-
Richard Fuld: [on the housing crisis] You know, people act like we're crack dealers. Nobody put a gun to anybody's head and said, "Hey, nimrod, buy a house you can't afford, and you know what? While you're at it, put a line of credit on that baby and buy yourself a boat."
Joe Gregory: [chuckles] You heard anything from Buffett?
Erin Callan: He's asking for preferred shares at 40, with a dividend of nine percent.
Richard Fuld: [annoyed] We were just at 66. What the fuck?
Joe Gregory: Maybe it's just an opening gambit, Dick.
Richard Fuld: Sounds more like a goddamn insult!
Erin Callan: Dick, we're at 36 right now. We haven't been anywhere near 66 in months. The markets like Buffett. His name will push the price up overnight.

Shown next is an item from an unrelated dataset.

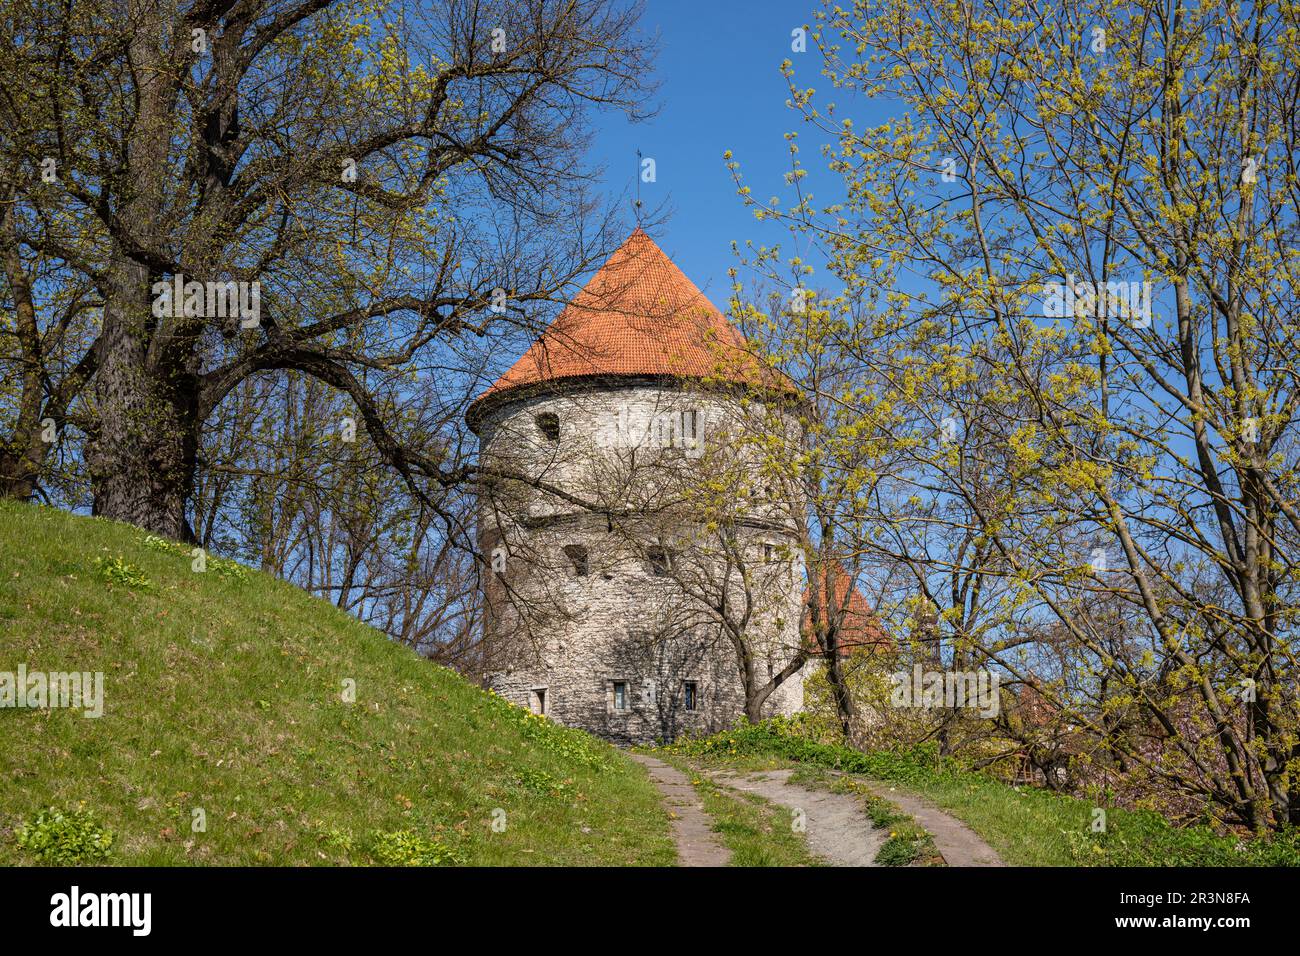 Kiek in de Kök, Artillerieturm, erbaut 1475, vor klarem blauen Himmel an einem sonnigen Frühlingstag in Vanalinn, der Altstadt von Tallinn, Estland Stockfoto
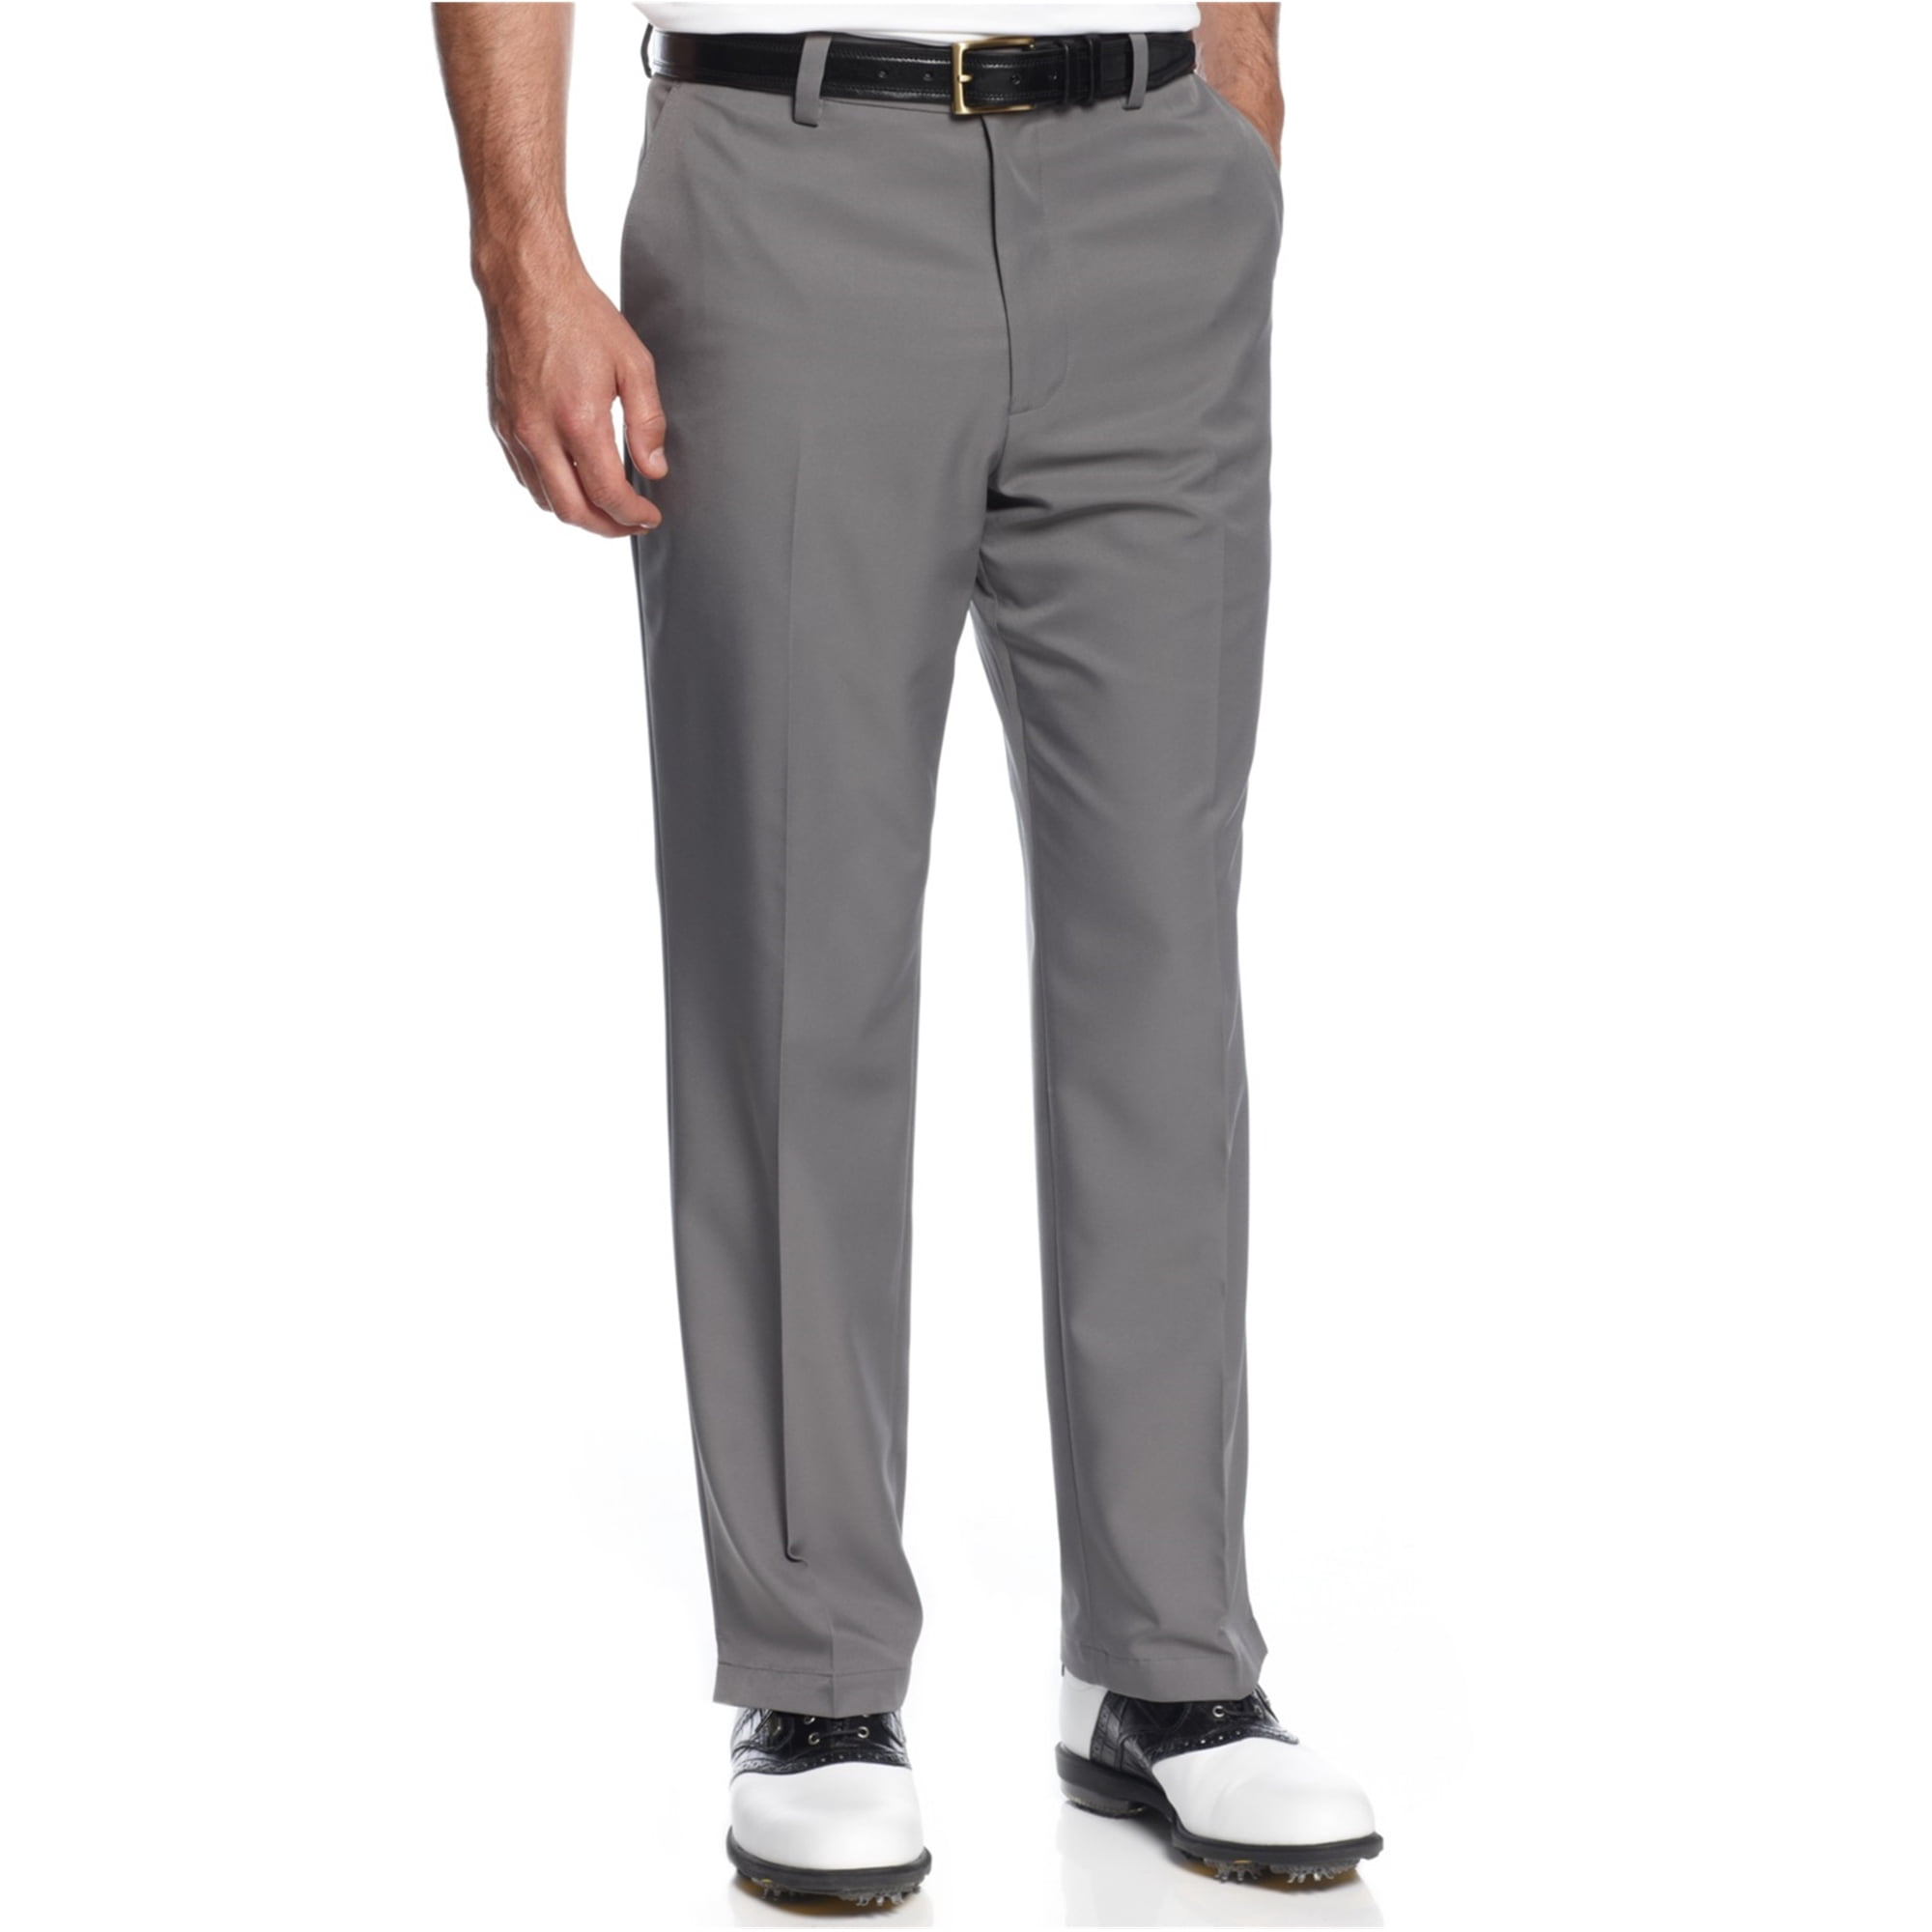 Greg Norman Mens Golf Casual Jogger Pants - Walmart.com - Walmart.com

Richard Fuld: You know, I don't care who he is. I am not spending $360 million a year for the pleasure of doing business with him. Real estate will come back.
Joe Gregory: Koreans have been sniffing around.
Richard Fuld: There you go. And they won't steal us blind. I've seen this before: CEOs panic and they sell out cheap. Right now, the Street's running around with its hair on fire, but the storm always passes. We stand strong, and on the other side, we'll eat Goldman's lunch.
Erin Callan: So what do we do about Buffett?
Richard Fuld: Screw Warren Buffett.
-
Ben Bernanke: [Having breakfast with Henry Paulson] Lehman's down another 10%.
Henry Paulson: You are not gonna let me get down a single bite, are you?
Ben Bernanke: This is why I have oatmeal.